------ Collected material

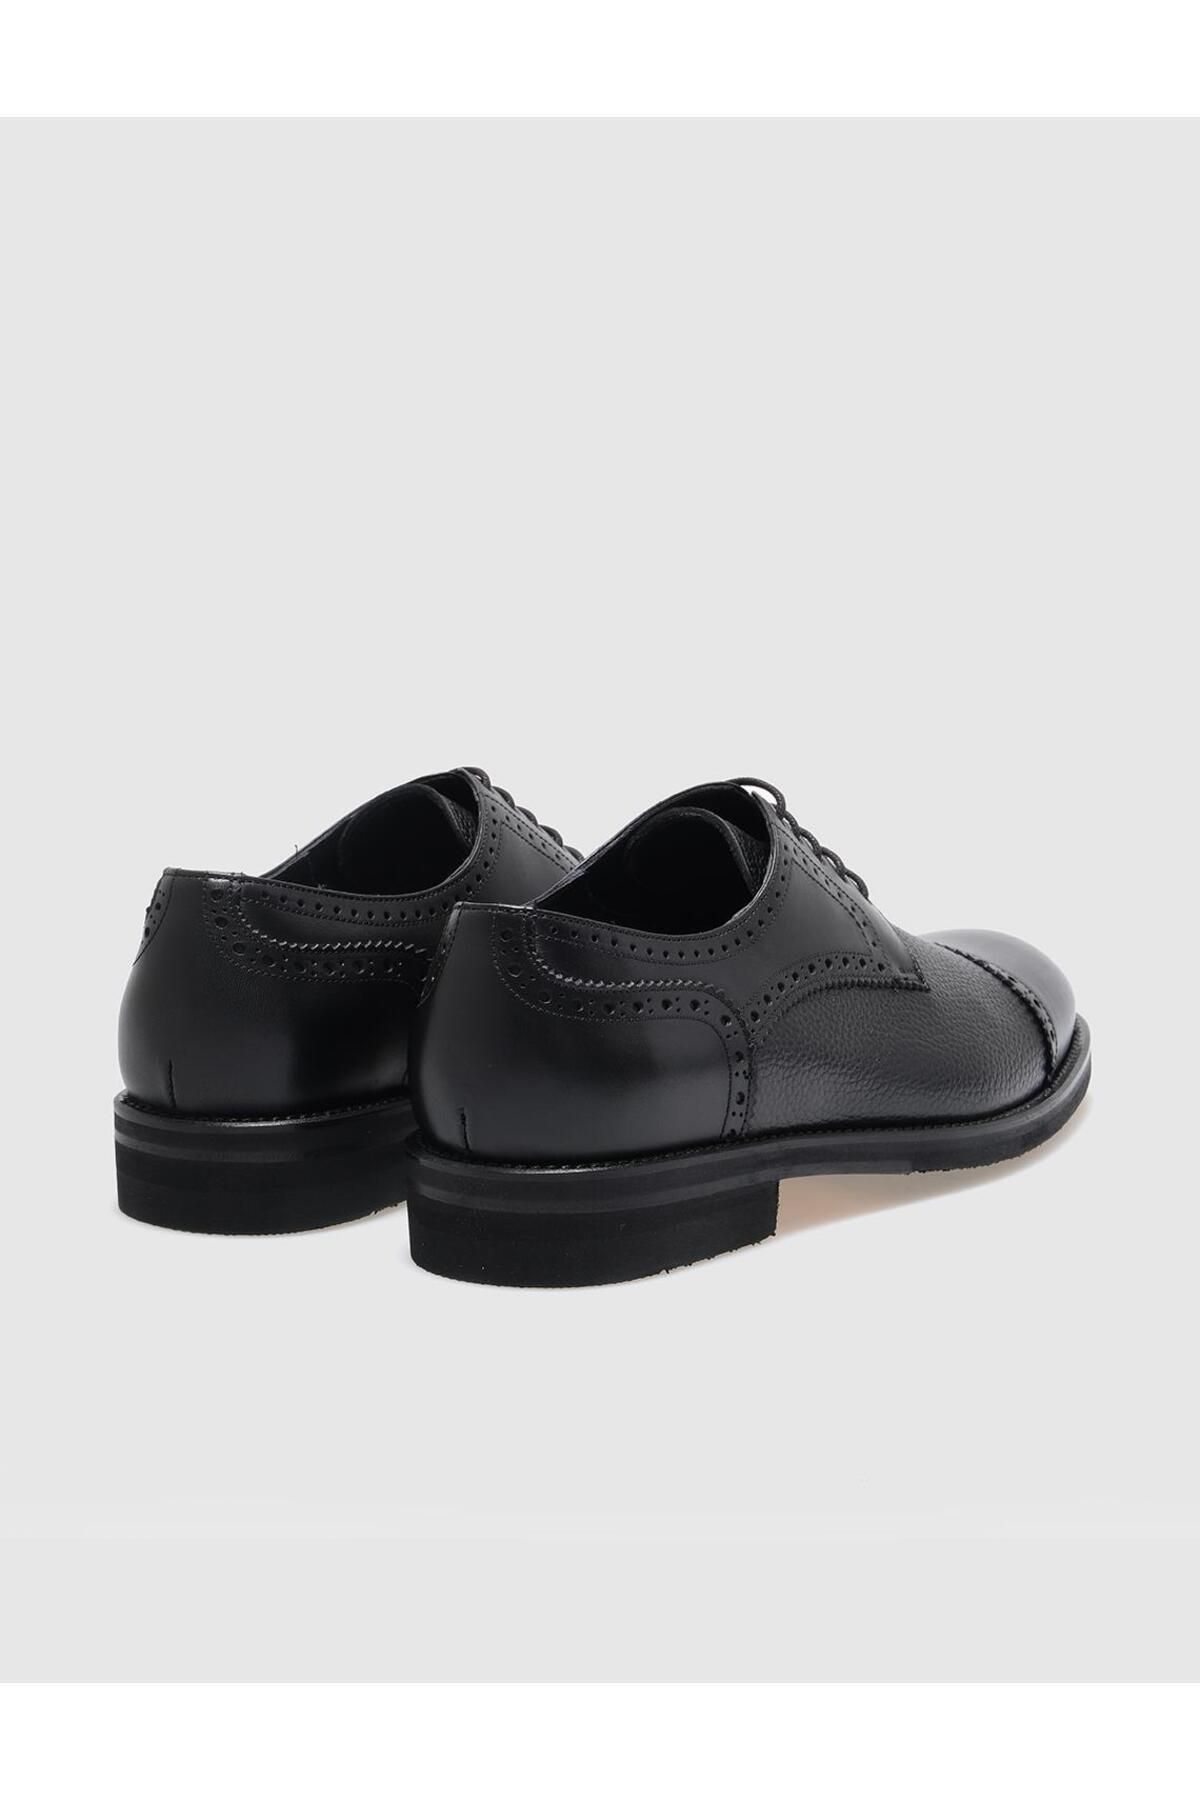 Cabani کفش های کلاسیک توری سیاه چرمی
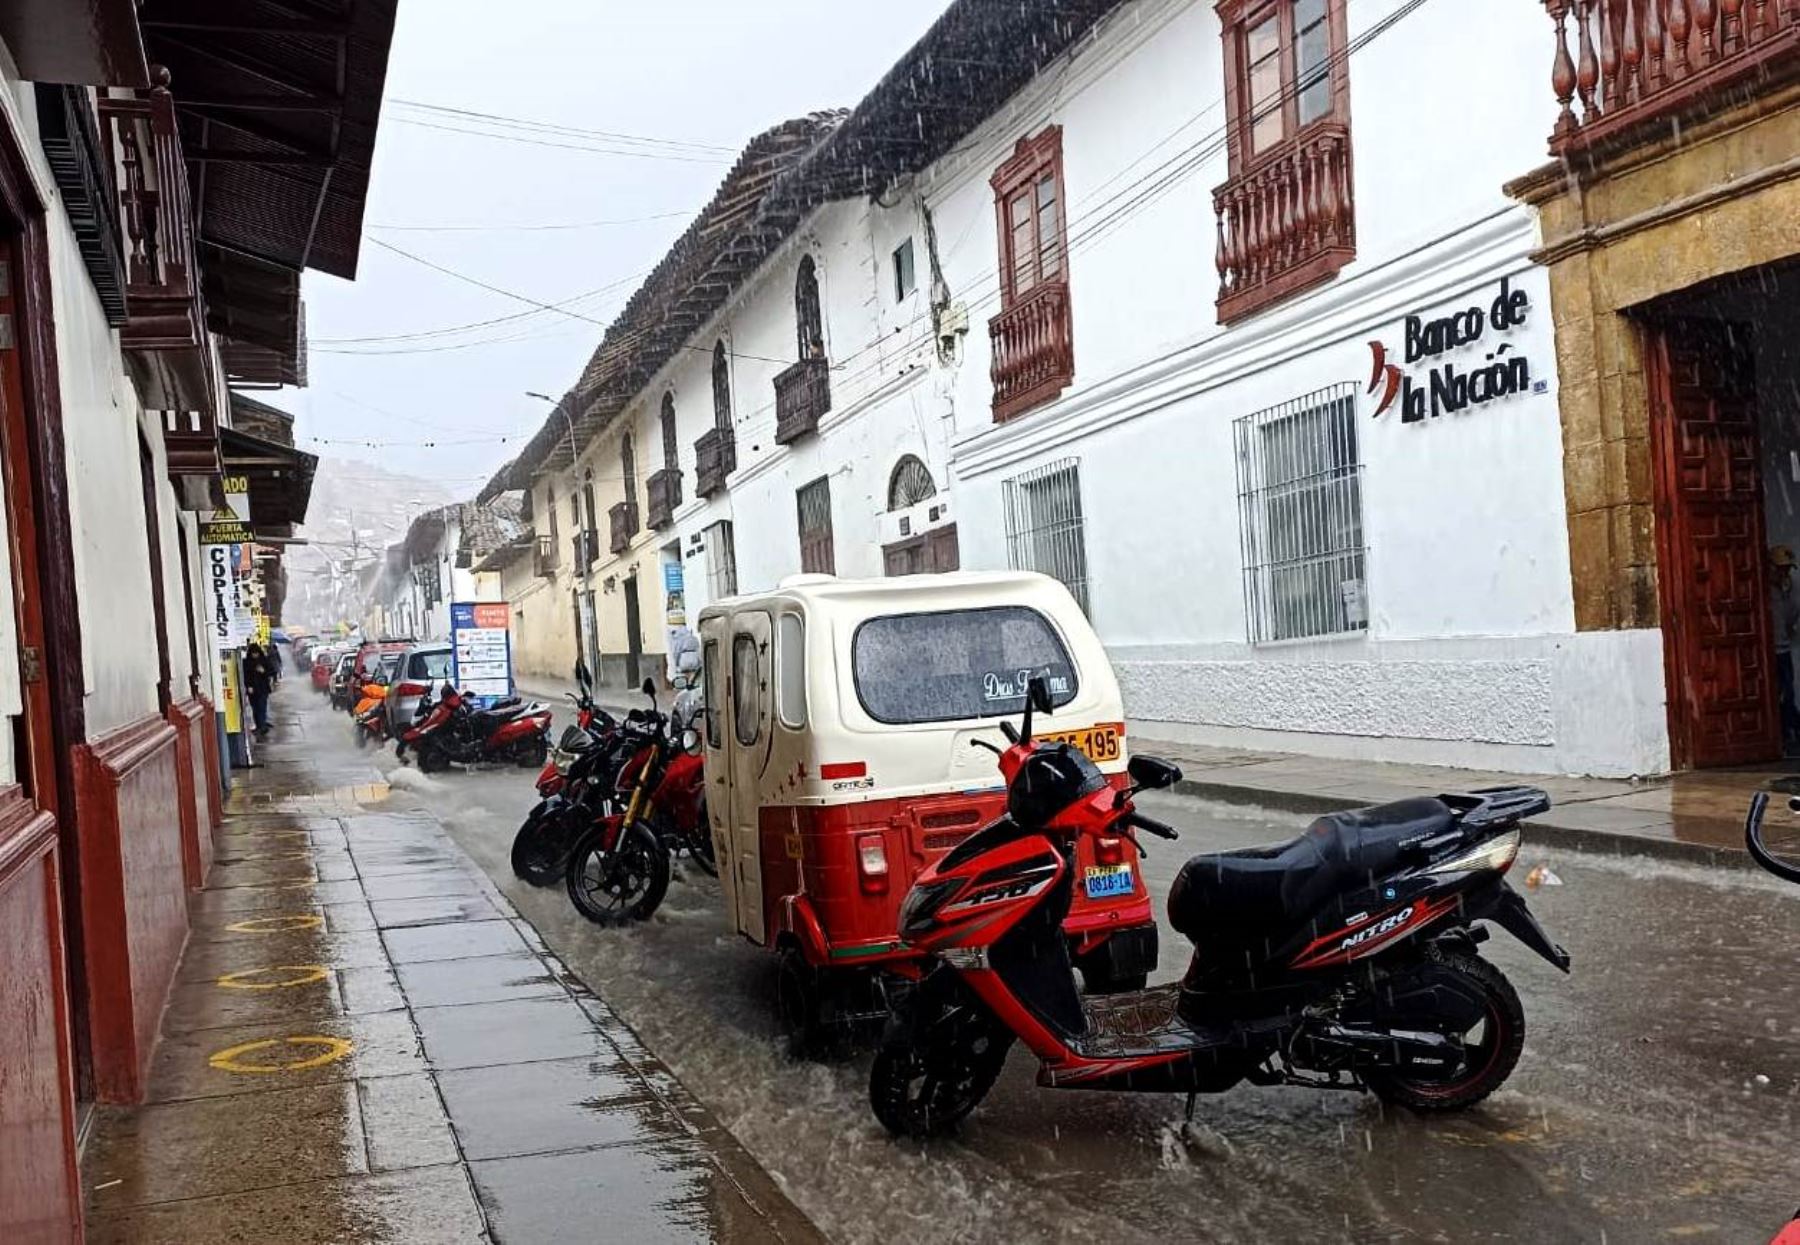 La ciudad de Cajamarca soportará lluvias de ligera intensidad durante este fin de semana, anunció el Senamhi. Foto: Eduard Lozano.
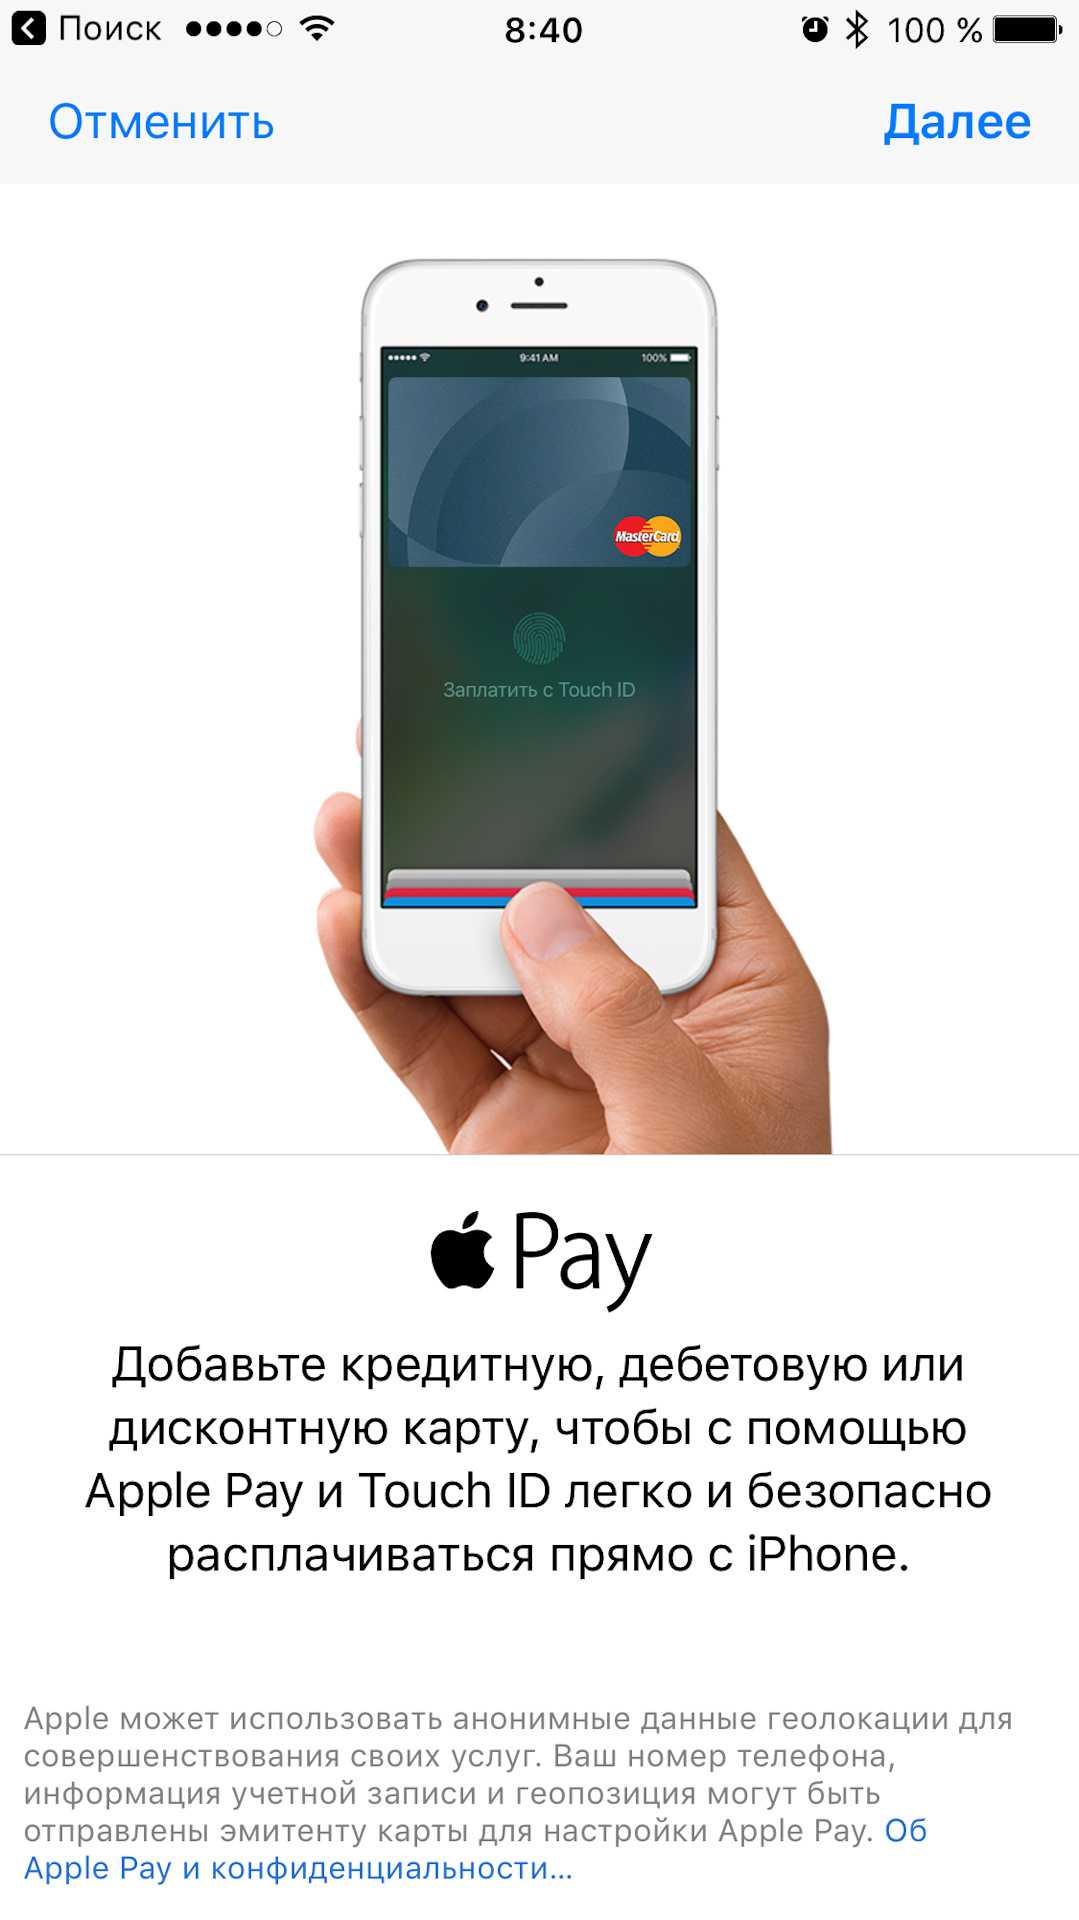 Карта на айфон для оплаты телефоном. Карта Apple pay. Что такое Apple pay на айфоне. Оплата картой через айфон. Как пользоваться Apple pay.
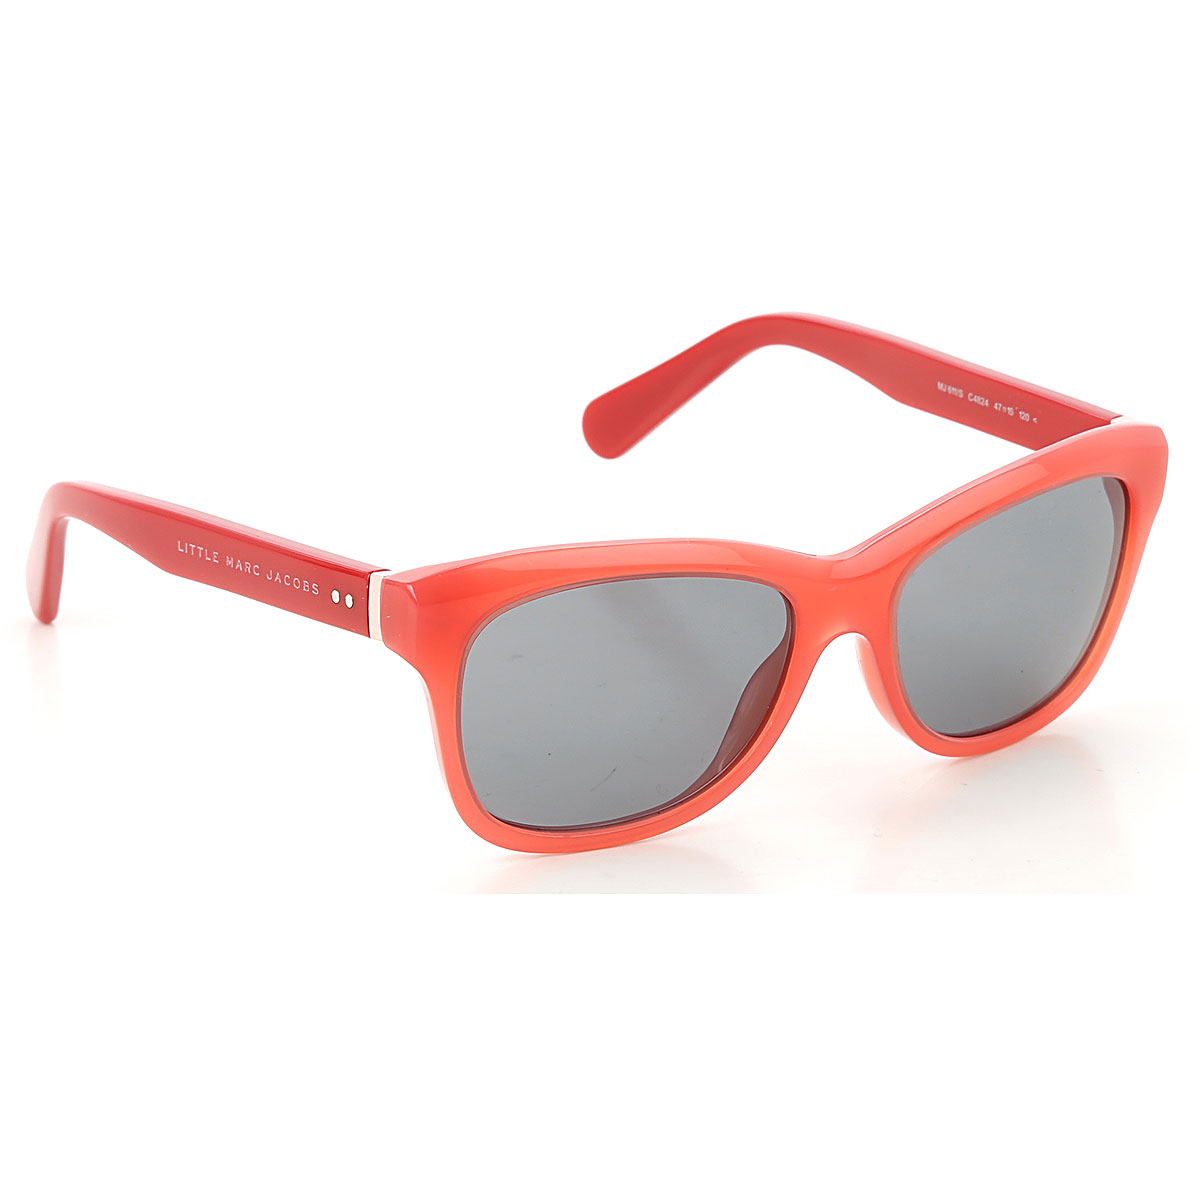 Marc Jacobs Kinder Sonnenbrille für Jungen Günstig im Sale, Rot Pinkfarben, 2017

------------

Problem description:
A word-for-word copy of all the data is required, minus the pictures.

Response below:
 Cabani کفش های کلاسیک توری سیاه چرمی
 La ciudad de Cajamarca soportará lluvias de ligera intensidad durante este fin de semana, anunció el Senamhi. Foto: Eduard Lozano.
 Карта на айфон для оплаты телефоном. Карта Apple pay. Что такое Apple pay на айфоне. Оплата картой через айфон. Как пользоваться Apple pay.
 Marc Jacobs Kinder Sonnenbrille für Jungen Günstig im Sale, Rot Pinkfarben, 2017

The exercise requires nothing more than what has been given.